Background: We have previously demonstrated, in a pilot study, the utility of personalized computational atrial modeling to guide ablation of persistent AF (psAF) in patients with fibrosis detected by LGE-MRI. However, the methodology was heavily operator-dependent.
Objective: To develop a comprehensive and minimally operator-dependent computational platform for reproducible personalized psAF ablation target prediction in patients with LGE-MRI fibrosis, so that our FDA-approved randomized clinical trial on the novel ablation approach can be undertaken.

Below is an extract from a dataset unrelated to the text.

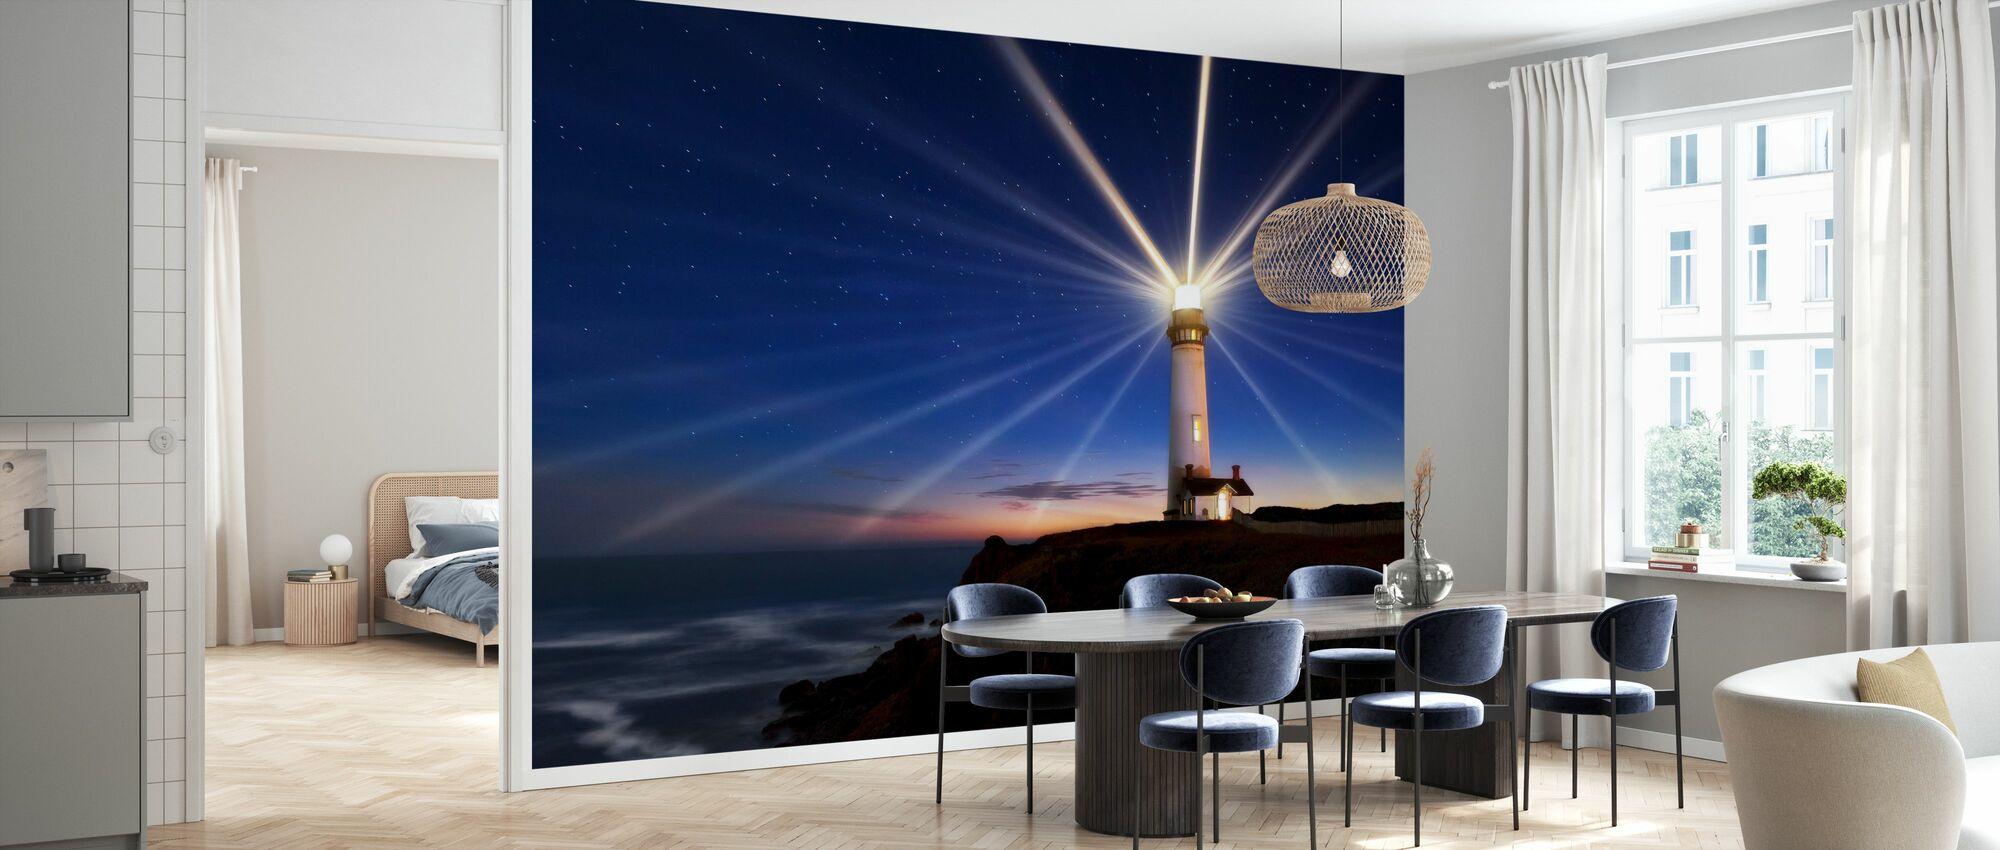 Lighting of the Lens - Wallpaper - Kitchen

Methods: We designed a computational platform that streamlines the end-to-end modeling workflow for predicting clinical ablation targets, with minimal human interaction. A series of automatic software interactions were implemented to integrate the platform’s modules, requiring only the atrial segmentation as the input. The platform consists of 3 main modules 1) 3D model reconstruction, 2) Personalized simulation and 3) Personalized ablation strategy plan compatible with clinical system (Fig. 1).
Results: This platform was successfully tested by multiple operators with differing expertise on 10 psAF patients. No modifications nor human interactions to the platform were required during testing. The same ablation target was predicted for each patient when processed by multiple operators, highlighting the robustness and reproducibility of the platform. This optimized pipeline reduced the model reconstruction time by 75% (16 vs 4 hours).
Conclusion: We developed a robust, reproducible, automatic platform for personalized psAF ablation target prediction, enabling our FDA-approved randomized clinical trial.